Biography

Dr. Rosenthal is a Professor of Medicine at the University of California, San Francisco. He is a member of the Biomedical Sciences Graduate Program, the Sandler Center for Basic Research in Parasitic Diseases, and the Global Health Sciences Program at UCSF. He also directs a Fogarty International Center UCSF/Makerere University Training Grant for the training of African clinician scientists in malaria research. Dr. Rosenthal received a B.S. in Biochemistry from the State University of New York at Stony Brook and an M.D. from New York University. He then trained in Medicine at the University of Michigan and in Infectious Diseases at the University of California, San Francisco. He also served as a consultant for the World Health Organization. Dr. Rosenthal's research interests focus on malaria, including basic science, clinical, and translational research. Basic science studies include the characterization of a family of parasite cysteine proteases that includes promising targets for new antimalarial drugs. In collaboration with chemistry collaborators, his group is now pursuing drug discovery directed against cysteine proteases. Another project is exploring antibiotics as antimalarial drugs. Dr. Rosenthal's group also evaluates the clinical and molecular epidemiology of malaria, with studies based in Uganda. These studies include clinical trials of new antimalarial agents and drug combinations, evaluations of the roles of parasite and host genetic polymorphisms in drug resistance, considerations of the importance of the complexity of malaria infections, and studies of molecular mechanisms of drug resistance. Dr. Rosenthal is on the editorial boards of Antimicrobial Agents and Chemotherapy and The American Journal of Tropical Medicine and Hygiene. He has received an NIH Physician Scientist Award and was an Established Investigator of the American Heart Association. He receives research funding from the National Institutes of Health, the Centers for Disease Control and Prevention, and the Medicines for Malaria Venture.
Abstract
Translational Studies of Antimalarial Drug Resistance
Malaria is one of the greatest infectious disease problems in the world, and its control is severely limited by drug resistance. A better understanding of mechanisms of antimalarial drug resistance is greatly needed, but few groups are equipped to perform the translational studies needed to answer many key questions. We have been engaged in basic malaria research since the late 1980s and in clinical studies of antimalarial drug efficacy and resistance in Uganda since the late 1990s. This project will bridge our ongoing basic science and clinical malaria research programs to perform translational studies of antimalarial drug resistance. Tied to our research will be a major training effort, with mentoring of American junior faculty, postdoctoral fellows, and medical students and Ugandan junior scientists in translational malaria research. The broad objectives of our program will be to perform cutting edge translational research on malaria, primarily focusing on antimalarial drug resistance, to support the development of American clinical scientists with expertise in translational malaria research, and to support the development of African clinical scientists. In this research project we will test the hypotheses that the rate of antimalarial drug resistance development is dependent on the complexity and diversity of infections, that resistance develops due both to the migration of resistant clones and the spontaneous selection of resistant mutants, and that specific molecular mechanisms of resistance can be identified using modern molecular techniques.
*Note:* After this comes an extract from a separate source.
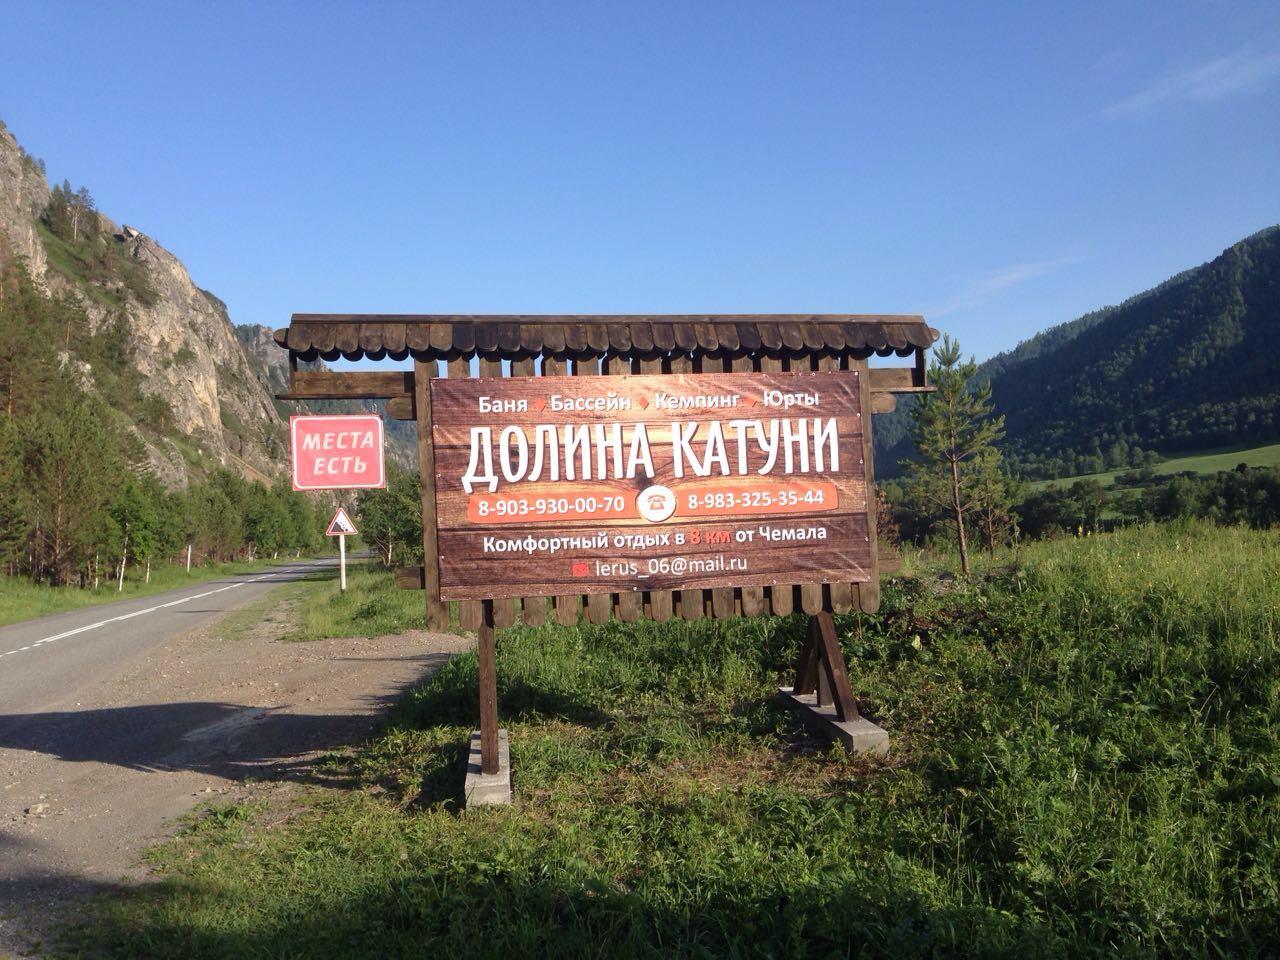 10 км от Чемала, в сторону Куюса

Our specific aims will be as follows:
(1) Assessment of associations between the complexity and diversity of malaria infections and treatment outcomes. We will use samples from prior and ongoing clinical studies in Uganda to test the hypothesis that increased parasite complexity in an individual and diversity in a community favors the selection of drug-resistant parasites.
(2) Characterization of the selection of drug resistant malaria parasites. We will study laboratory isolates selected for resistance and isolates from patients with sensitive and resistant clinical outcomes to study the steps that lead to the elaboration of antimalarial drug resistance, in particular the relative contributions of migration of resistant clones into a community and the spontaneous selection of resistant parasites in an individual.
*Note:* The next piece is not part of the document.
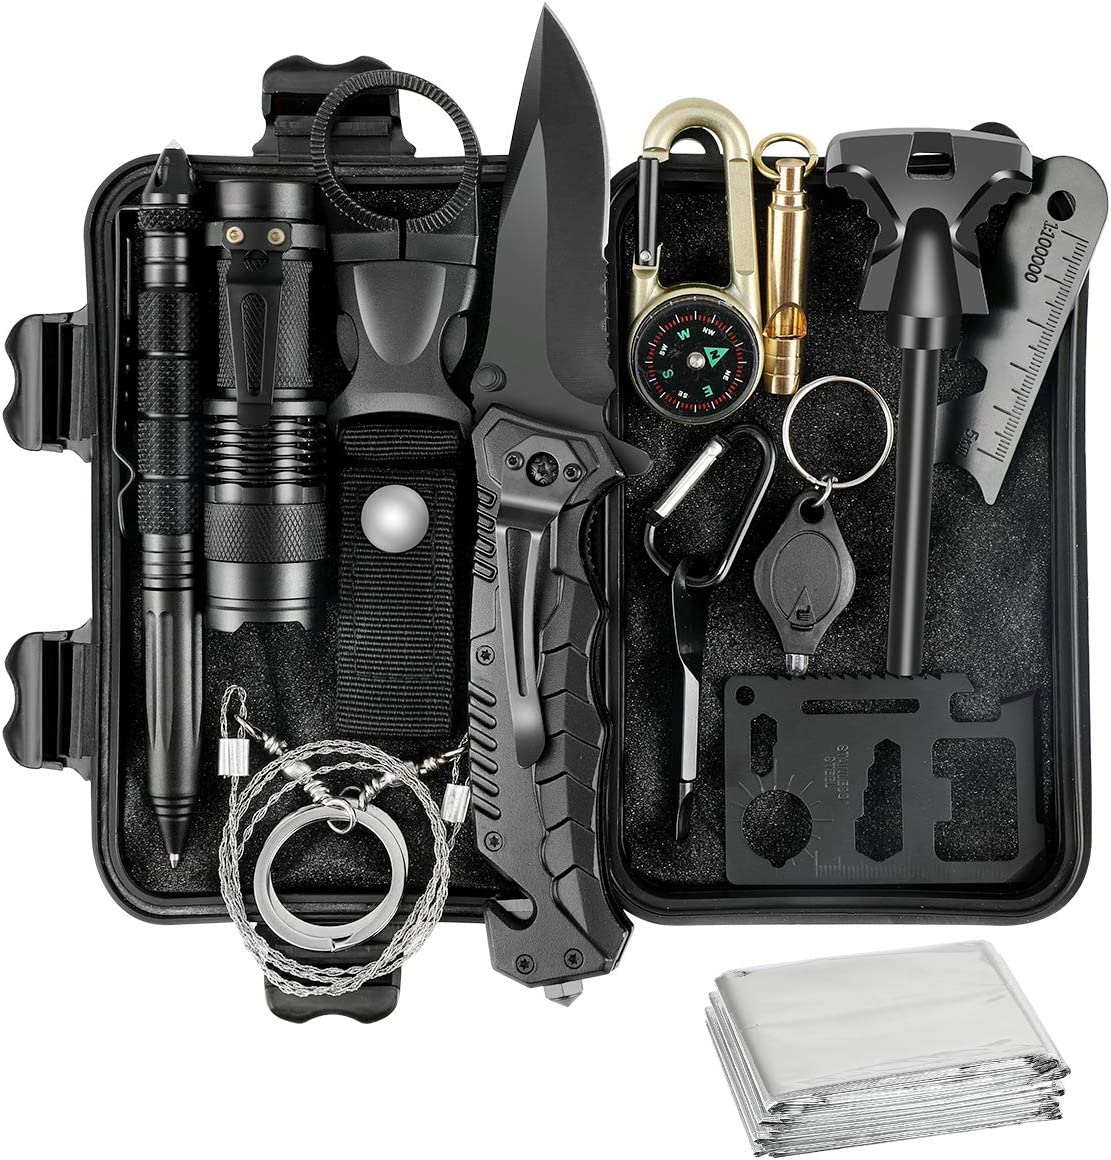 Puhibuox survival kit

(3) Determination of molecular mechanisms of antimalarial drug resistance. We will compare sensitive and resistant laboratory and clinical isolates to evaluate putative resistance-mediating genes, including enzyme targets and potential drug transporters, and we will use genomic and proteomic techniques to screen for alterations that accompany drug resistance. Our project will provide important insights into mechanisms of antimalarial drug resistance and help to train a much-needed new generation of translational malaria researchers.